* Data excerpt *
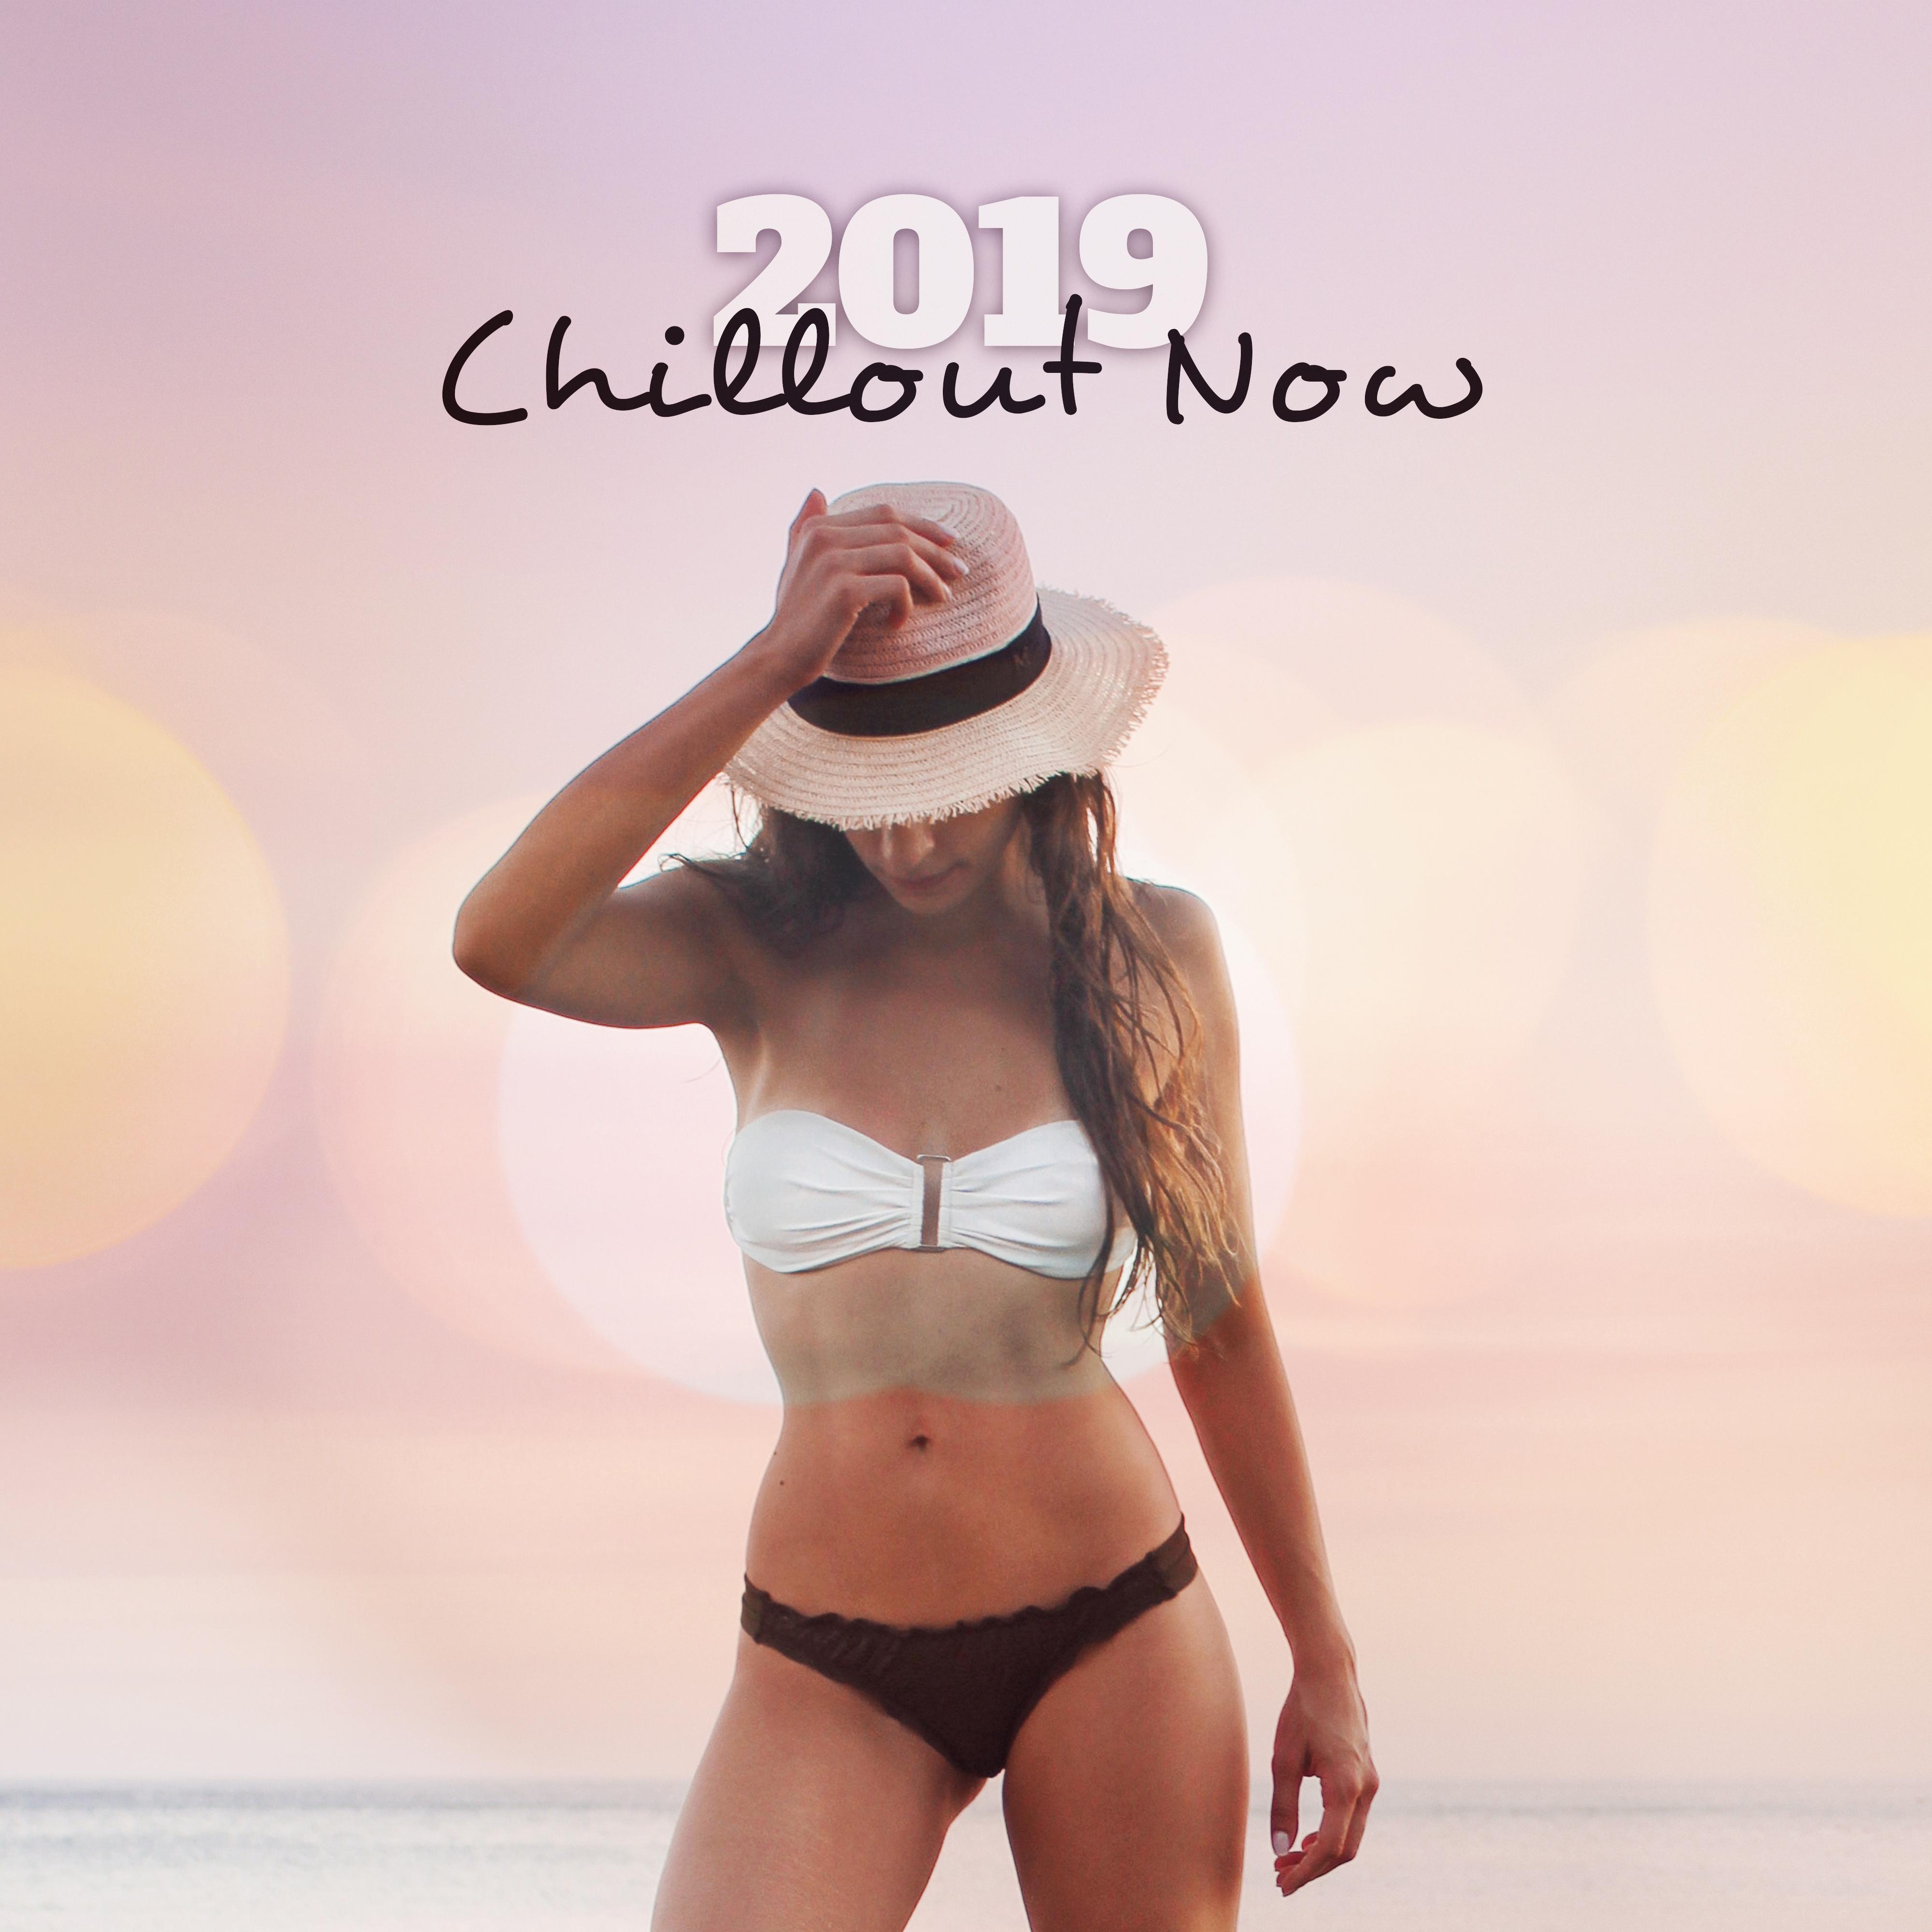 2019 Chillout Now: Summertime 2019, Ibiza Lounge, Relax, Chill, Ibiza Chillout Tracks, Tropical Music to Calm Down
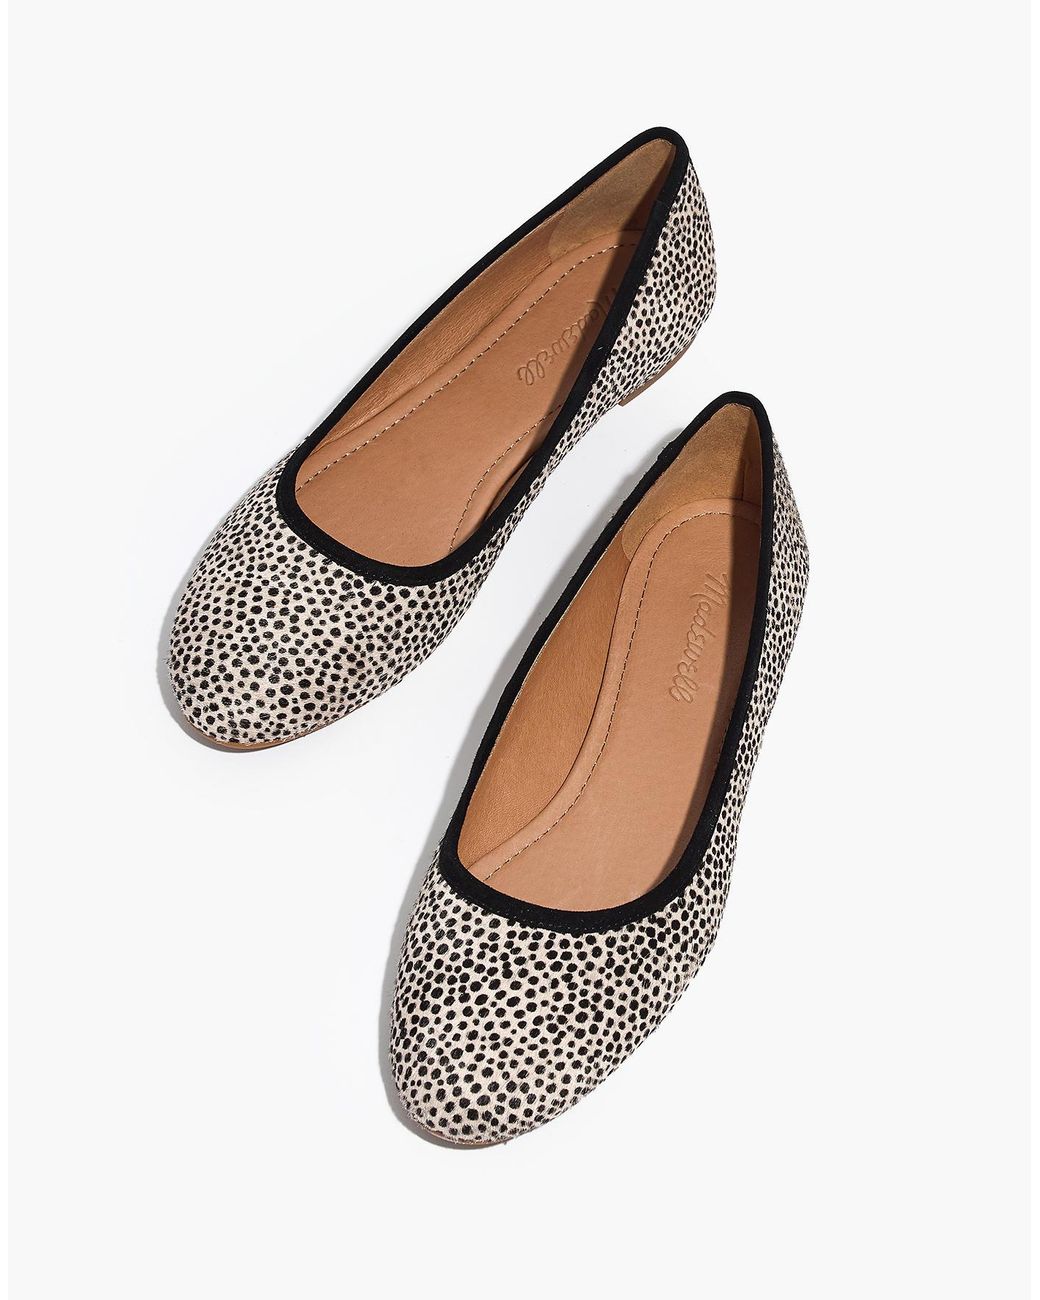 Madewell The Reid Ballet Flat In Spotted Calf Hair - Lyst
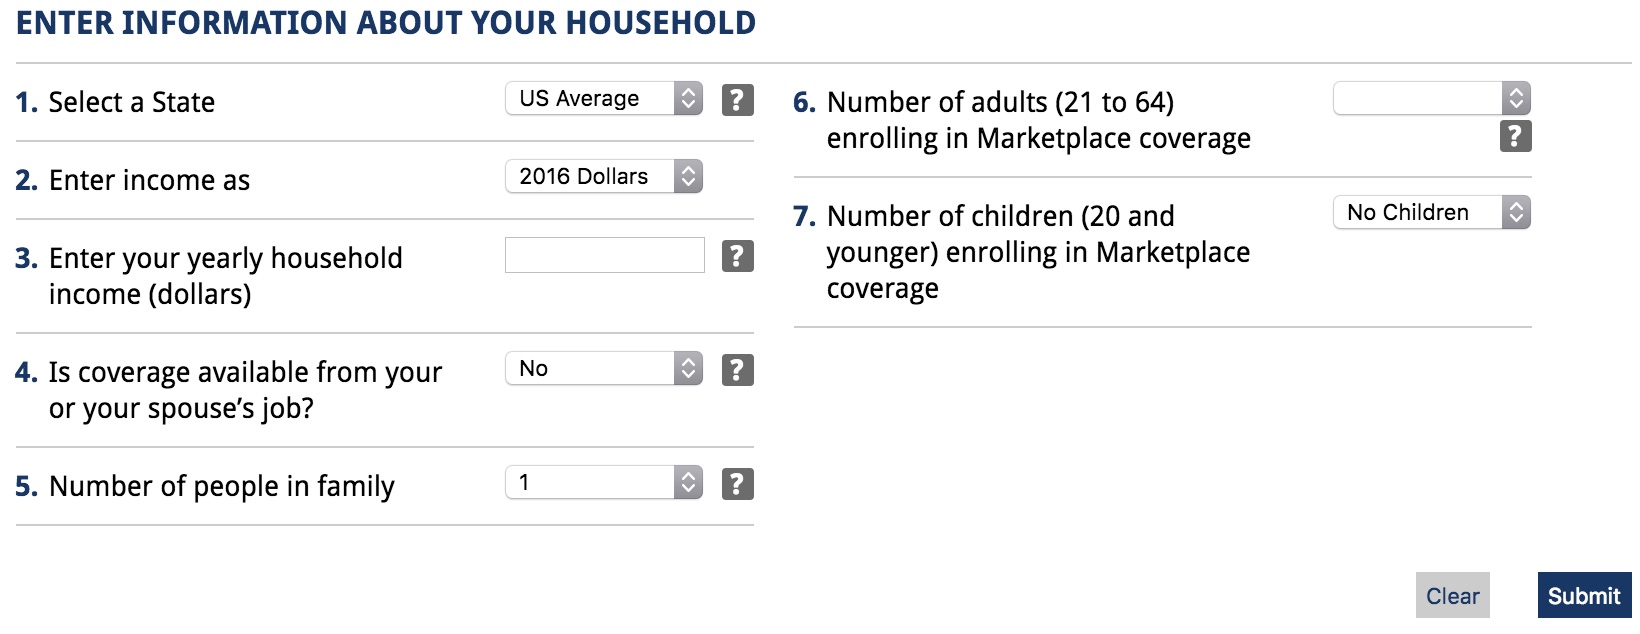 An image of the healthcare marketplace built for KFF, with multiple dropdown questions to enter information about the user's household

* Problem statement *
Everything in the data must be printed verbatim except the pictures.

* Answer for the task *
 2019 Chillout Now: Summertime 2019, Ibiza Lounge, Relax, Chill, Ibiza Chillout Tracks, Tropical Music to Calm Down
 Madewell The Reid Ballet Flat In Spotted Calf Hair - Lyst
 An image of the healthcare marketplace built for KFF, with multiple dropdown questions to enter information about the user's household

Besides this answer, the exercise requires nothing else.